Empirical Identification of Conserved Peptides in Vascular Plants

[0133] An empirical mass spectrometric approach was used to identify conserved peptides in pineapple (Ananas comosus), Thale Cress (Arabidopsis thaliana ), Flooded gum (Eucalyptus grandis), bean (Phaseolus vulgaris), native yam (Dioscorea transversa), elkhorn fern (Platycerium bifurcatum), burrawang (Macrozamia communis), loblolly pine (Pinus taeda), tomato (Solanum lycopersicum), waratah (Telopea speciosissima), grape (Vitis Vinifera), and maize (Zea mays). The 12 species were selected to span the diversity of vascular plants (see FIG. 5).

[0134] Briefly, an ion library (SWATH library) was created for Arabidopsis, based on mass spectrometric data from three Arabidopsis leaf samples. Lys-C and trypsin digested protein extracts from the three leaf samples were analyzed on a Sciex 6600 TripleTOF mass spectrometer with a data dependent acquisition method according to Aspinwall et al. (2019), “Range size and growth temperature influence Eucalyptus species responses to an experimental heatwave,” Glob. Chang. Biol. 25:1665-1684. The resulting data were matched to a list of Arabidopsis proteins (available at the arabidopsis.org website, TAIR10) using ProteinPilot (Sciex). The ProteinPilot.group file was used to create a SWATH library in the PeakView SWATH microapp (Sciex) with a peptide FDR of <1%.

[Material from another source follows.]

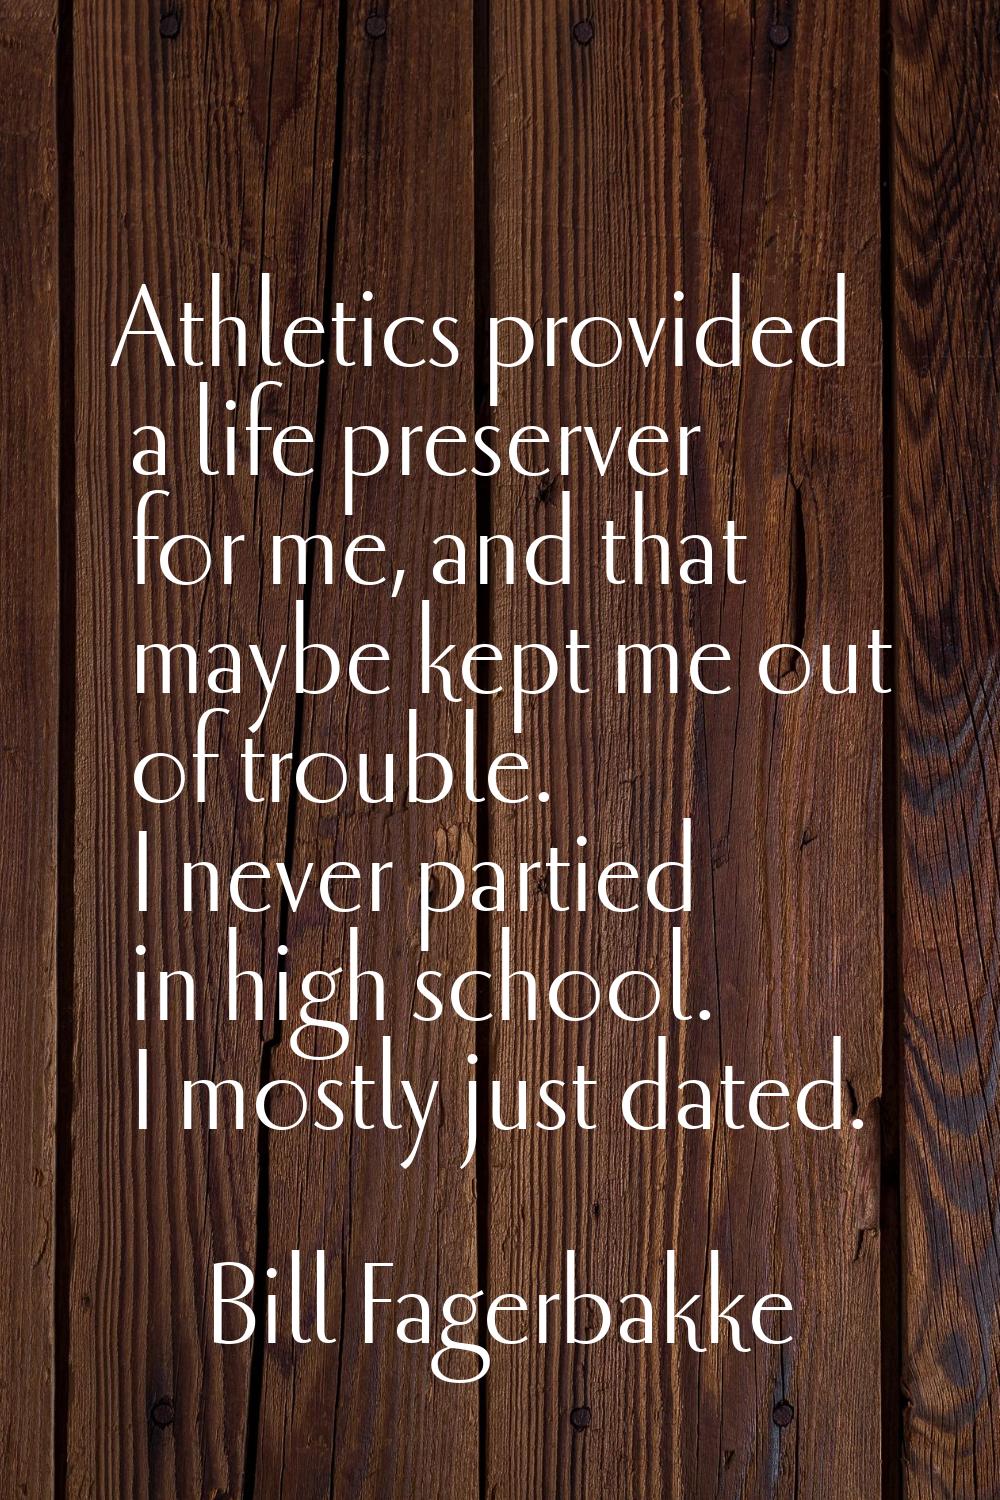 Athletics provided a life preserver for me, and that maybe kept me out of trouble. I never partied

[0135] The same Arabidopsis samples, and three samples each from the 11 additional species (pineapple, flooded gum, bean, native yam, elkhorn fern, burrawang, loblolly pine, tomato, waratah, grape, and maize) were analyzed using data independent SWATH (Aspinwall et al., 2019). The MS data from this analysis were matched to the Arabidopsis ion library using the SWATH microapp, identifying conserved peptides across the 12 different species and ensuring that the peptides were observable through MS analysis. Merely using an amino acid sequence alignment approach may produce peptides that may not be reliably observed through MS analysis. Presence/absence of conserved peptides were based on FDR scores assigned by the SWATH microapp, i.e., a peptide was considered genuinely present in a species, and conserved between that species and Arabidopsis, if all three replicates from a species had a peptide FDR <1%.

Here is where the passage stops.